La literie, la nourriture, les produits, les vêtements tout est à la charge de la famille. C’est à travers une vitre en PVC et un téléphone qu’elle peut voir son fils 45 minutes. Mais Oum Ali Ahmed voudrait pouvoir toucher son fils, le prendre dans ses bras. Elle lui demande de continuer à l’appeler maman. Elle pleure. Et lui aussi.

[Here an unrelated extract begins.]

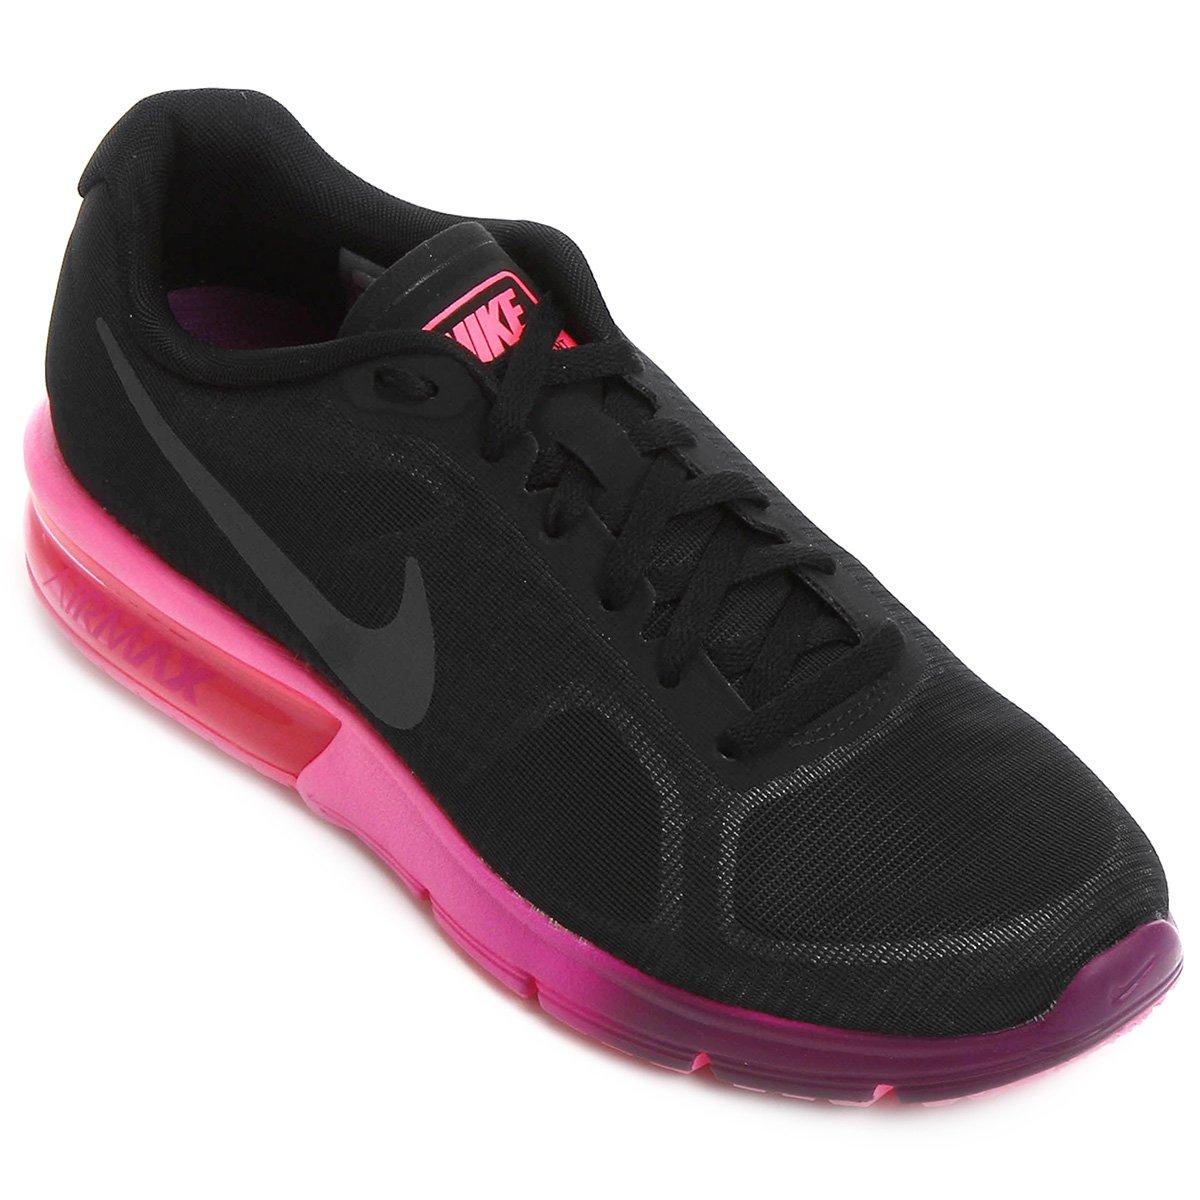 Tênis Nike Air Max Sequent Feminino - Compre Agora  3c40a15c283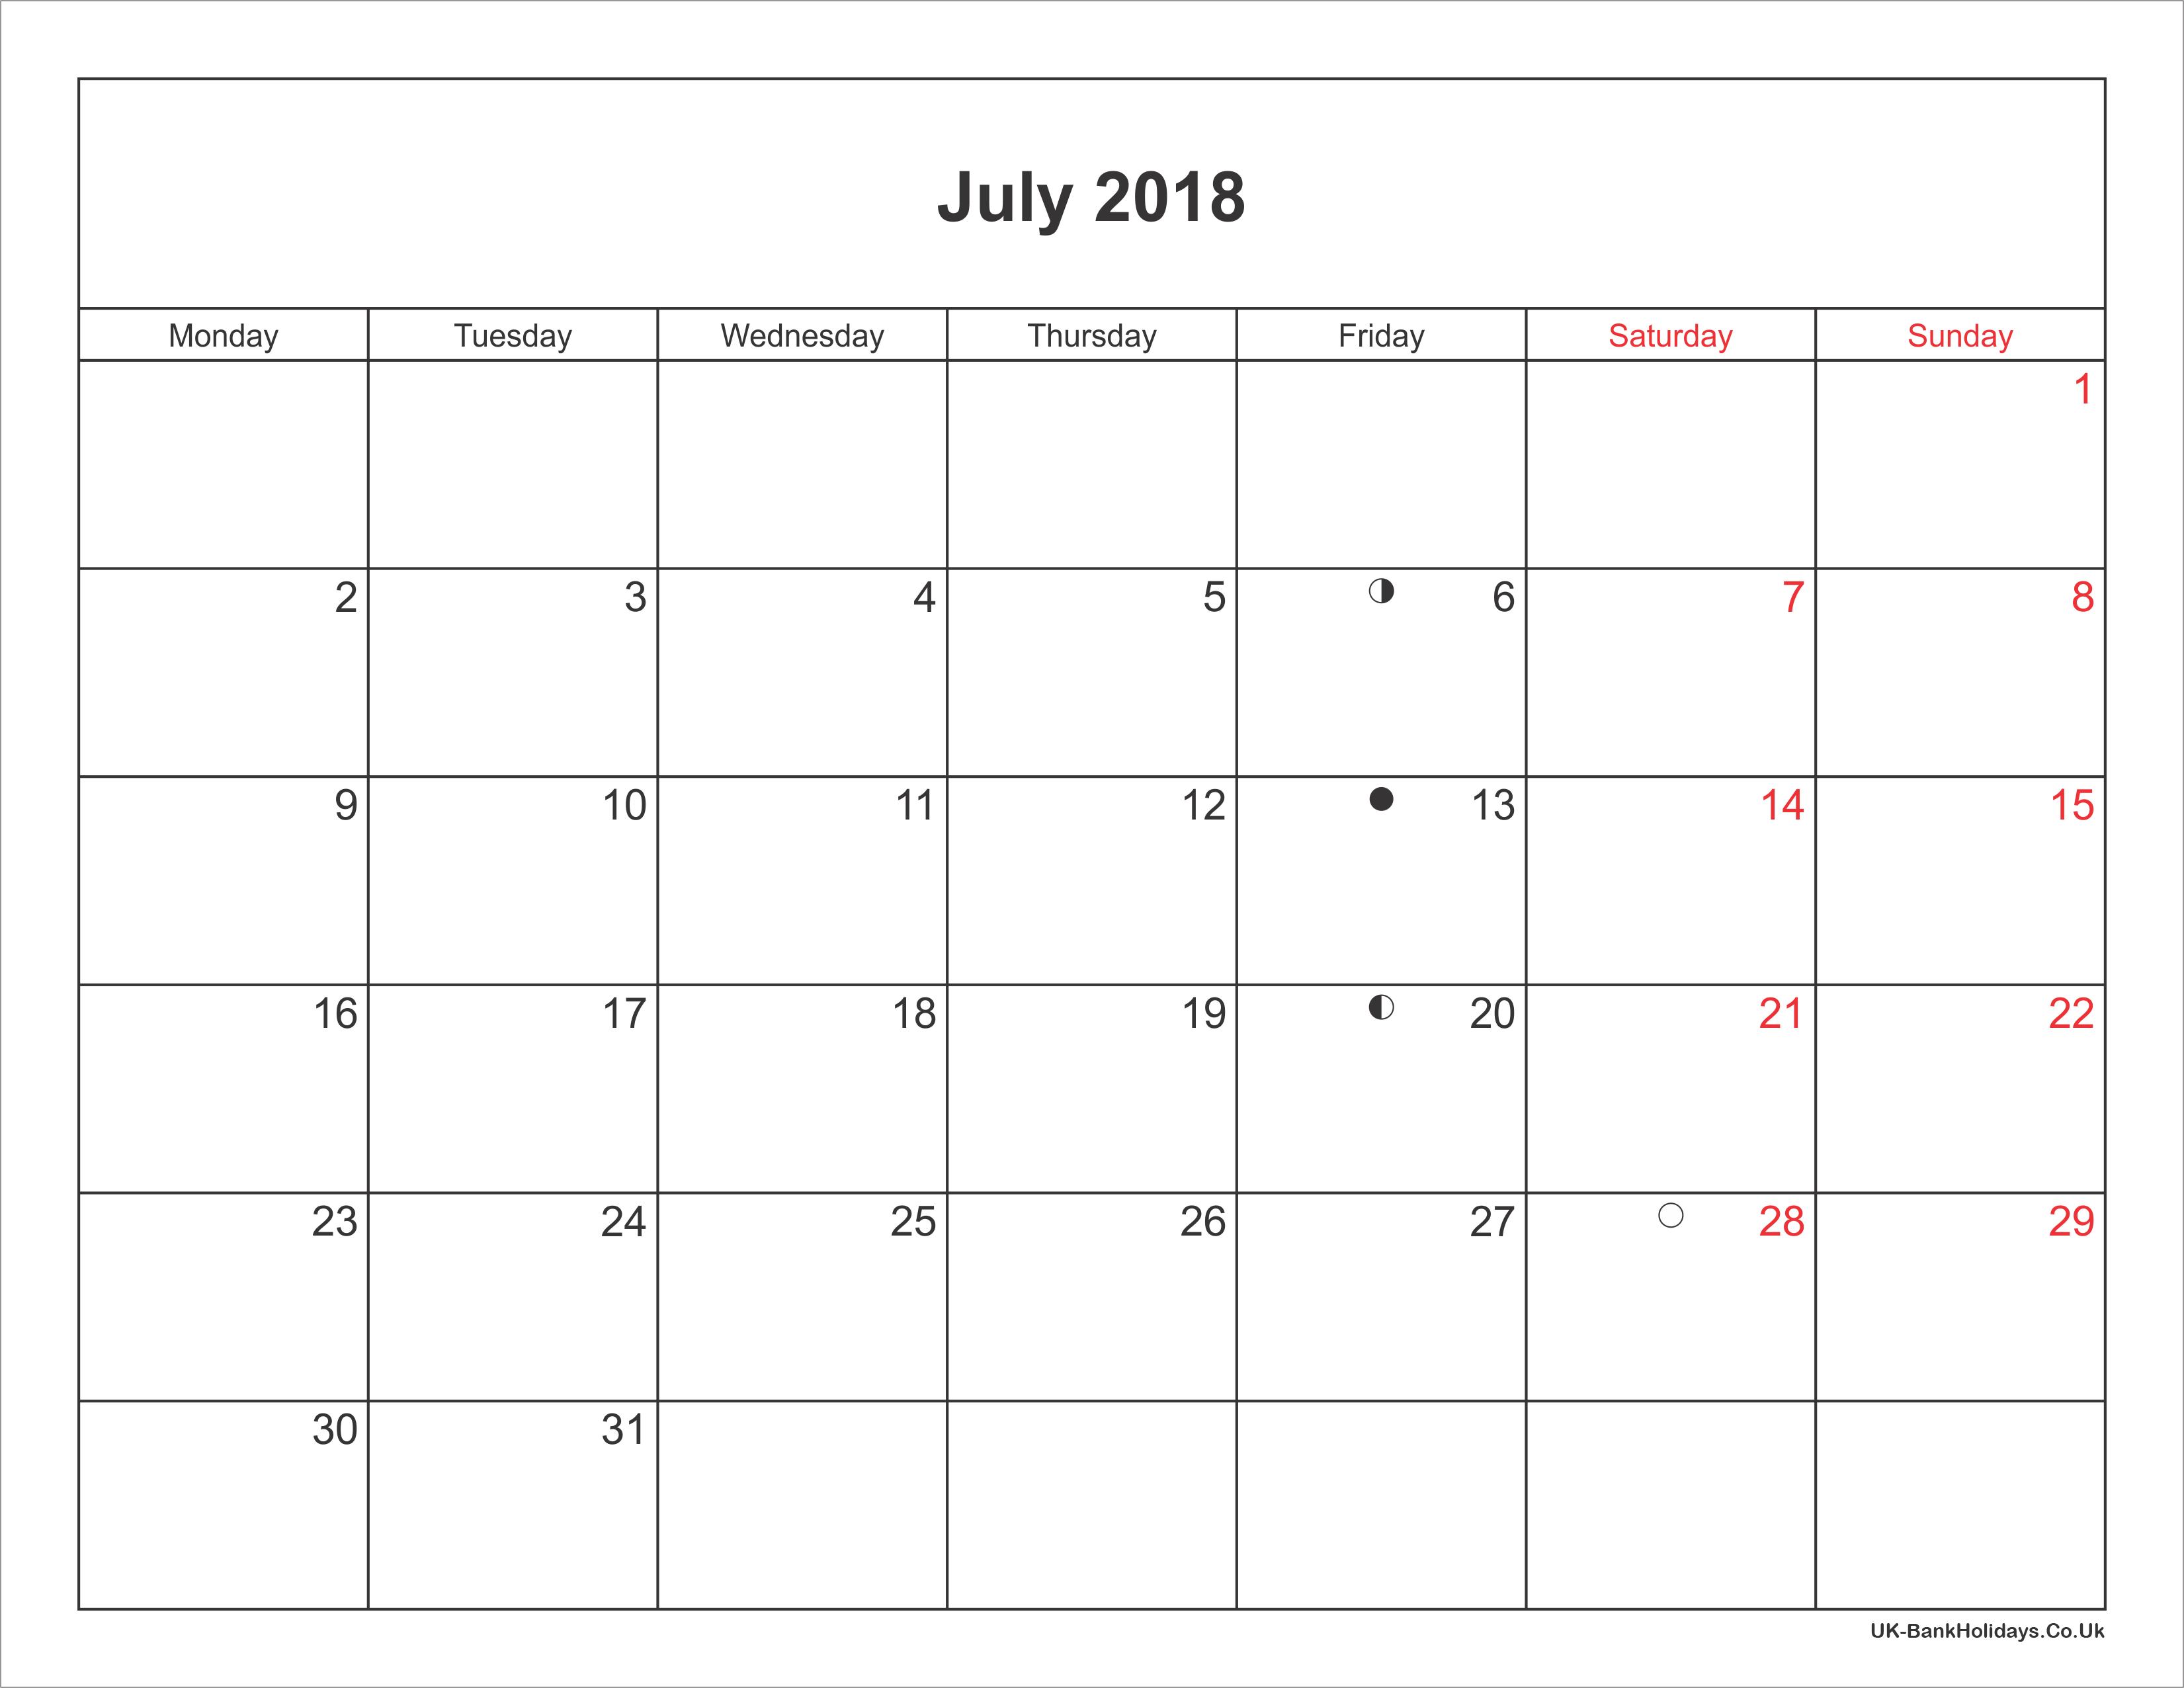 July 2018 Calendar Printable with Bank Holidays UK

Oussama., il est étudiant et fait des petits boulots de menuisier. Il a 17 ans et vit dans le camp de ‘Askar. Sa famille est originaire de Bessan, un village près de ville israélienne de Netanya, en territoire de 48, dont le nom a été aujourd’hui changé par un autre hébreu. Oussama est un jeune homme plutôt courageux.
Durant la 2ème intifada, il a perdu beaucoup de membres de sa famille. Et une attaque de missile dans son quartier a tué un de ses amis. Parce que la ville était soumise à un couvre feu ne permettant pas d’enterrer les corps dans le cimetière musulman, il ramassera lui-même les chairs du corps et l’enterrera dans le quartier. L’armée israélienne dira plus tard qu’il s’agissait d’une erreur. Erreur qui causa la mort de 4 adolescents. Il décide de réagir et d’entrer dans la résistance. Sa famille n’est pas au courant et d’ailleurs personne ne l’est.
Oussama n’est pas avec nous, un portrait de lui est accroché dans le salon de ses parents. En 2002, Oussama s’est fait exploser dans la ville de Netanya. 6 mois plus tard, après le départ d’activistes internationaux, l’armée israélienne viendra détruire la maison de ses parents en punition. Son corps ne sera jamais rendu et sa famille est considérée comme terroristes en Israël. Ils ne peuvent se déplacer qu’aux alentours de Naplouse. Sa mère est avec nous. Elle nous dit que même si son fils n’est plus là aujourd’hui, elle a des milliers d’enfants à travers toute la Palestine qui continuent de résister.